NWHL Timeline Shifts With Season Six On Tap For January

In a year that’s proved fairly uncertain and full of spirals amid everyday life, the latest hit was to women’s hockey as professional sports look to make their returns. With that being said, after seeking opinion from public health experts, the league announced on Wednesday morning a change to their timeline due to COVID-19.

While citing the health and wellbeing of team personnel, players, fans and the community, the NWHL has now shifted their efforts to a full season schedule beginning in January. For the first time this coming season which will see the debut of the Toronto Six, the idea was to have 24 games played until direction was altered to mid-November.

Now, players face a longer wait as training camps were planning to get going in September. Given the latest curveball at hand, the league says its goal is to have the All-Star Game hosted, but not until after the Isobel Cup has been raised. Speaking of which, the cup was not awarded in May as the season finale in Boston was cancelled.

Michael Hetzel/NWHL

Speaking greater lengths of the championship, the current plan is for the Isobel Cup to be played in full with an end of March deadline. Given this drastic schedule change, the press release states that the league’s six teams will continue their focus on enhanced opportunities. This includes player development which will go on as planned despite a later puck drop.

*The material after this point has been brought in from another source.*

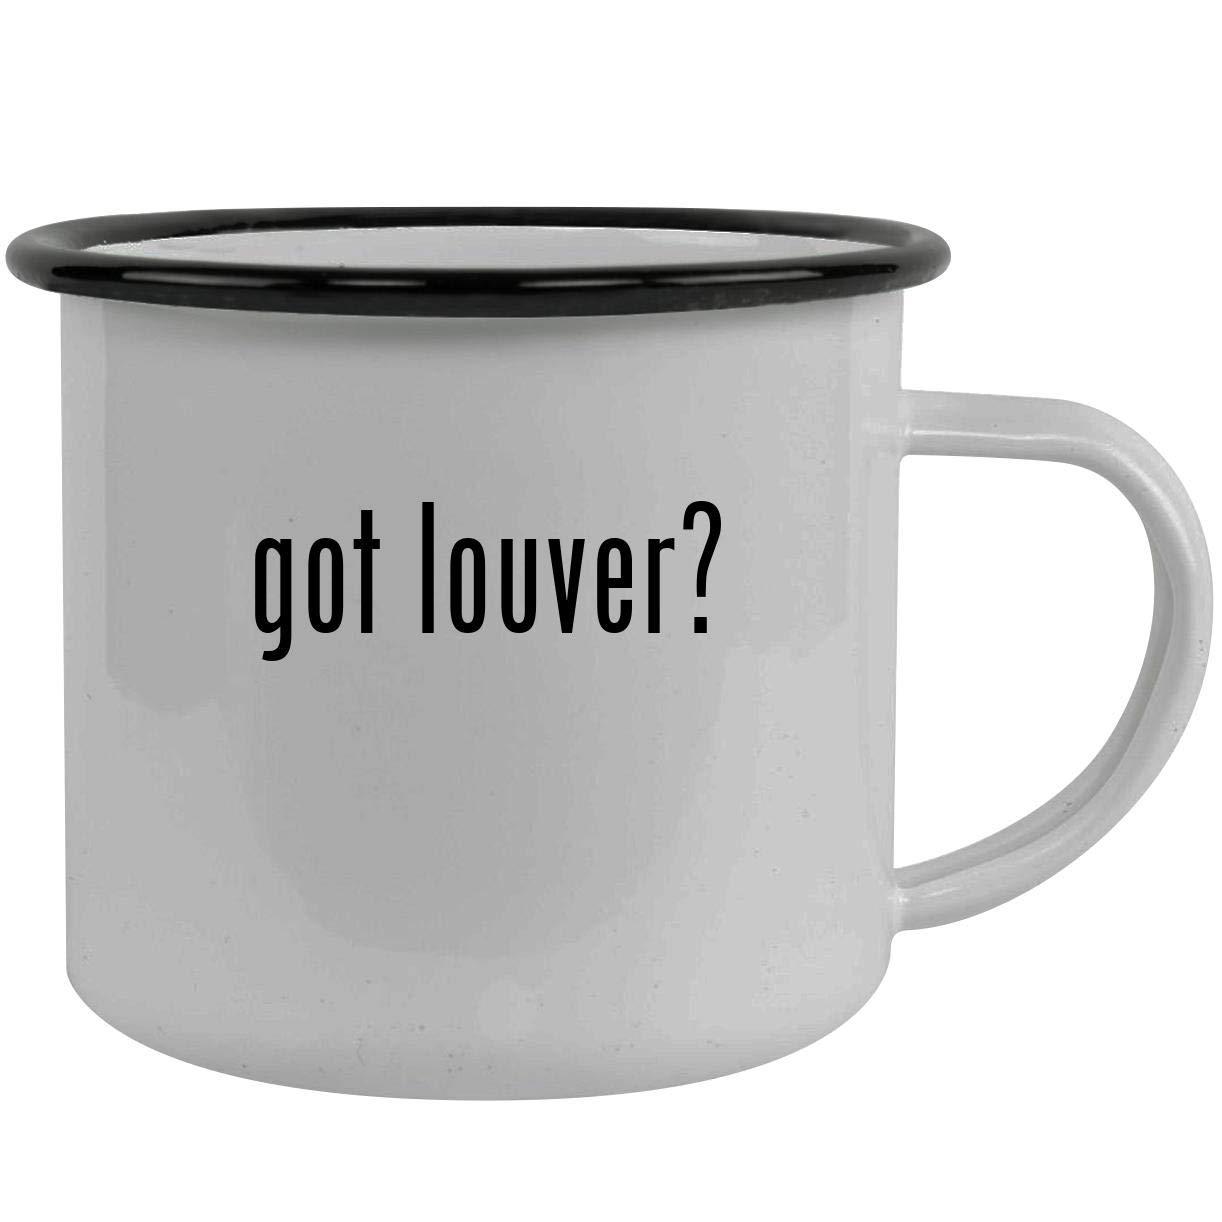 got louver? - Stainless Steel 12oz Camping Mug, Black

For some, this has already started with the Toronto Six starting season prep early. Attendees on the ice at this time include Mikyla Grant-Mentis, Natalie Marcuzzi, Taylor Woods and Breanne Wilson-Bennett. Putting that note aside, these camps will include optional on-ice practices and off-ice training starting Sept. 21st. While this plan opens doors to all players, it will be followed by full team practices which will get going on October 19th.

Keeping in mind health and safety measures, the league said on Wednesday teams will strictly adhere to the protocols established by infectious disease experts. Not only that, but they will work closely with the NWHL’s medical team as well as officials who are based in each city.

Kate Frese/NWHL

Because of the number of cases that had hit different regions much harder than others, the league announced just three months back that they had suddenly formed a COVID-19 safety committee. This was the first step of an ongoing effort to strategically plan a safe return to the ice. While the committee was made up of executives which includes the involvement of the NWHL Players’ Association, the team is being led upfront by infectious disease experts and those in sports medicine.

To make a return to play possible, from NYU Langone Health are doctors Andrew Feldman, MD, and Guillem Gonzalez-Lomas, MD. NYU Langone Health is not only an official partner of the league, but they are one of the top teaching medical centers in America. Through the committee’s formation, their leading objective has been and continues to be creating a plan that’s beneficial to all parties. This of course being the case by ensuring the health of all fans and attendees.

In a statement from Dr. Gonzalez-Lomas, a Sports Health expert at NYU Langone Health, he said, “The Safety Committee has and will continue to prioritize NWHL player, staff, fan, and media safety above all else while adapting to the ever-changing COVID-19 situation. We are eager to meet the challenge ahead and do our utmost to safely return the athletes to the sport they love.”

Collin Nawrocki/NWHL

On the other end of this is Anya Packer, executive director of the NWHLPA. Speaking on the opposite end with regards to their involvement in the process and decision making, she said, “The NWHLPA is well-represented on the league’s COVID-19 committee. The PA has been included in all discussions in regards to player safety and league scheduling, and co-authored the overall return-to-play protocol. We feel our voices have been heard thus far and we will continue to ensure that the safety and well-being of the players is at the forefront of all discussions and formal protocols.”

Along with her was Allie Thunstrom, 32-year-old forward with the Minnesota Whitecaps. As a committee member, no less, an active player, she said of these talks and the road blocks that led to them, “We are undoubtedly eager to get back on the ice and can’t wait for the season to start. However, we also recognize the challenges everyone faces by the global health crisis, and we want to ensure that not only are we protected but our fans, media, coaches, support staff, and arena personnel are protected as well. The league has done an awesome job at including us in these discussions. While a slight delay to the start of the season is tough, I feel strongly that everyone’s safety and health will continue to be at the forefront of all decisions. We will continue to practice and train in accordance with state, provincial, and league guidelines. When the time comes, we will be ready to battle for the Isobel Cup in Season 6 and to play for the best fans in the world.”

While the pandemic has presented its obstacles in having to take time to evaluate the circumstances, the league has worked months ahead to ensure for a seamless and safe return to the ice. With that being said, the NWHL mentioned that the next plan to come is with regards to safe protocols for in-season action. Additionally, the league also cites that announcements on arena capacity and ticket sales are set to be made at the start of next season. Every decision made has been in accordance with medical professionals and they plan to continue talks into the new year, this allowing season six to safely start at their discretion.